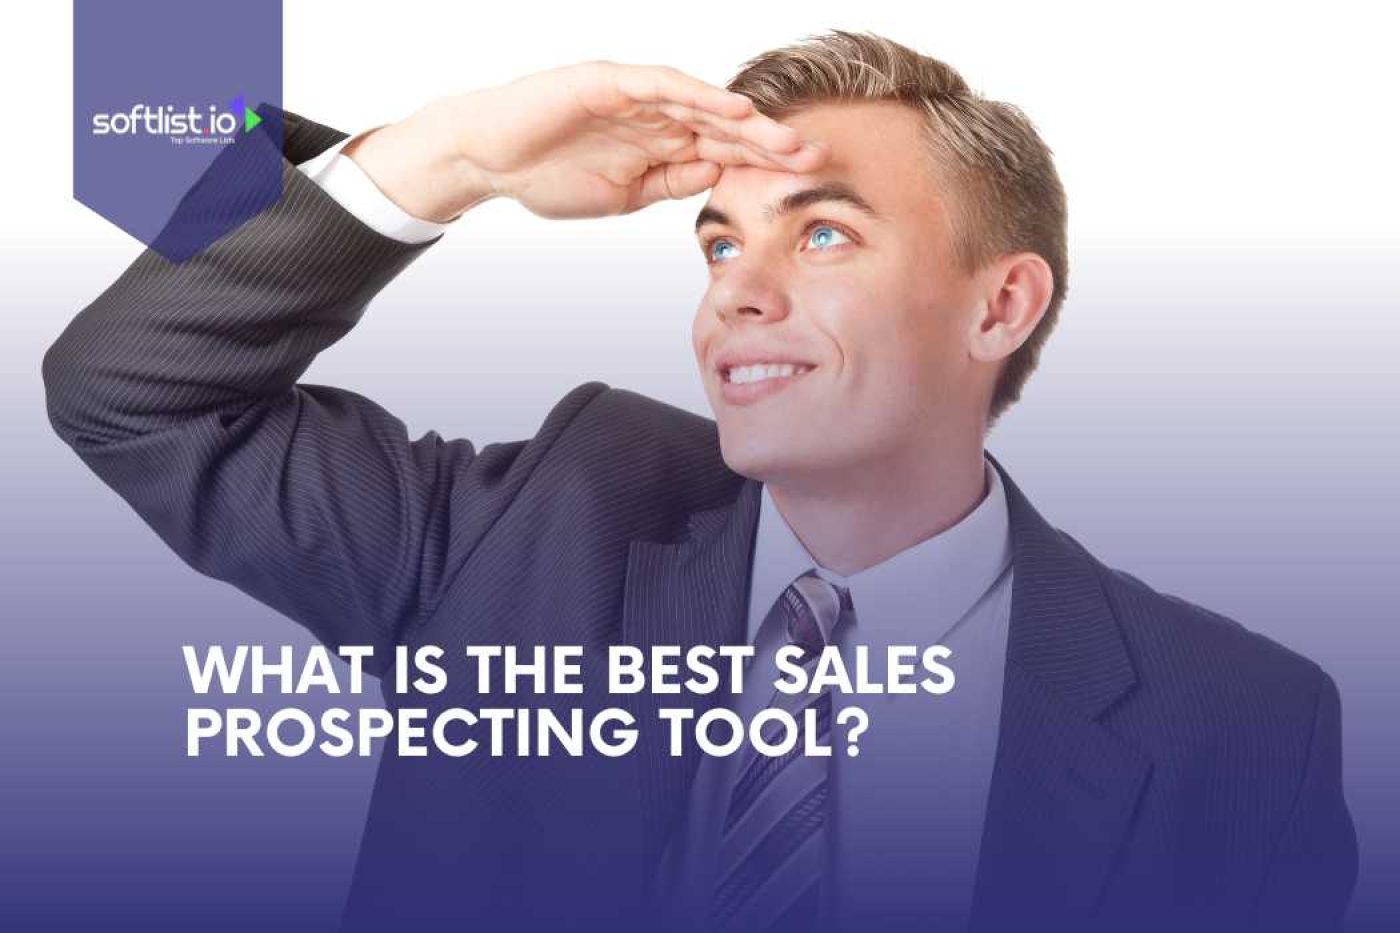 What Is the Best Sales Prospecting Tool
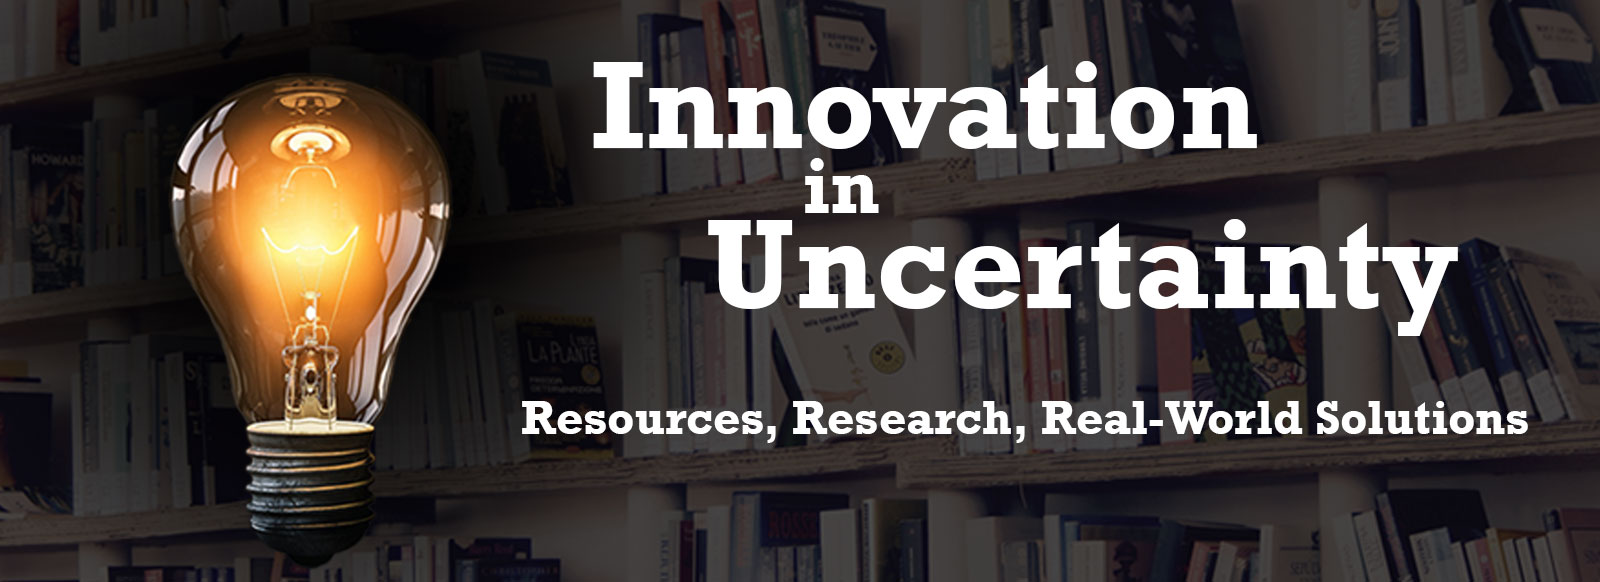 Innovation in Uncertainty: Research, Resources, Real-World Solutions
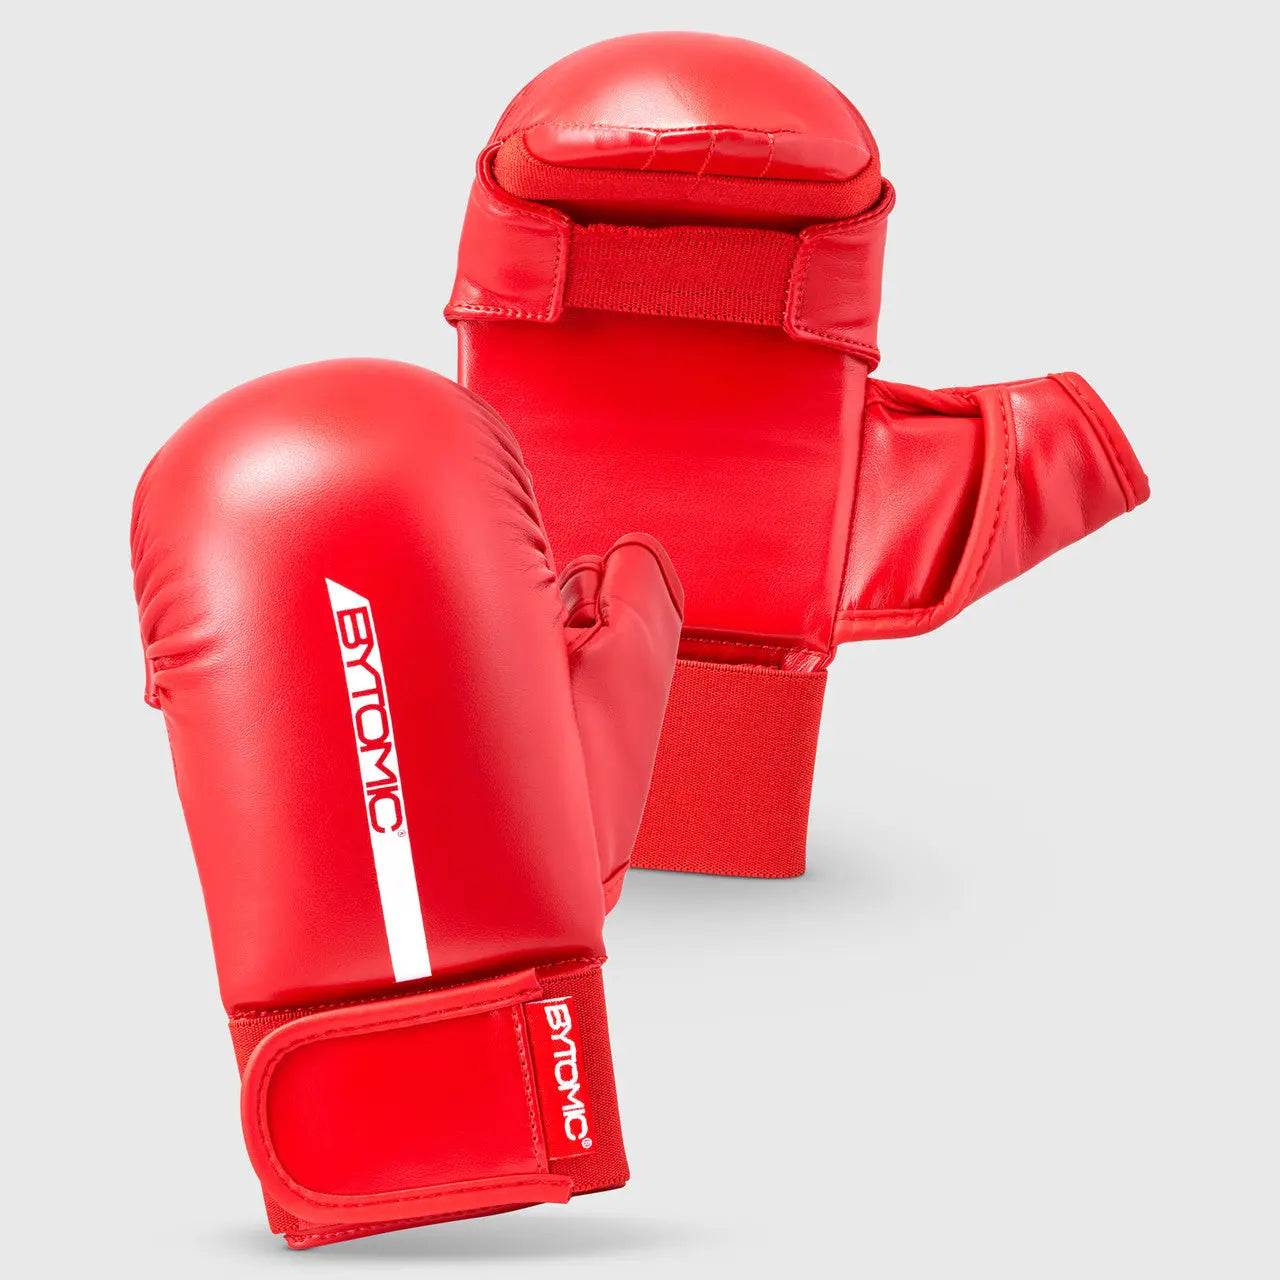 Bytomic Red Label Karate Mitt with Thumb Bytomic

**EXERCISE INSTRUCTIONS**. The expected answer is an unaltered copy of the listing, images removed.

**YOUR RESPONSE**.
 What Is the Best Sales Prospecting Tool
 Innovation in Uncertainty: Research, Resources, Real-World Solutions
 Bytomic Red Label Karate Mitt with Thumb Bytomic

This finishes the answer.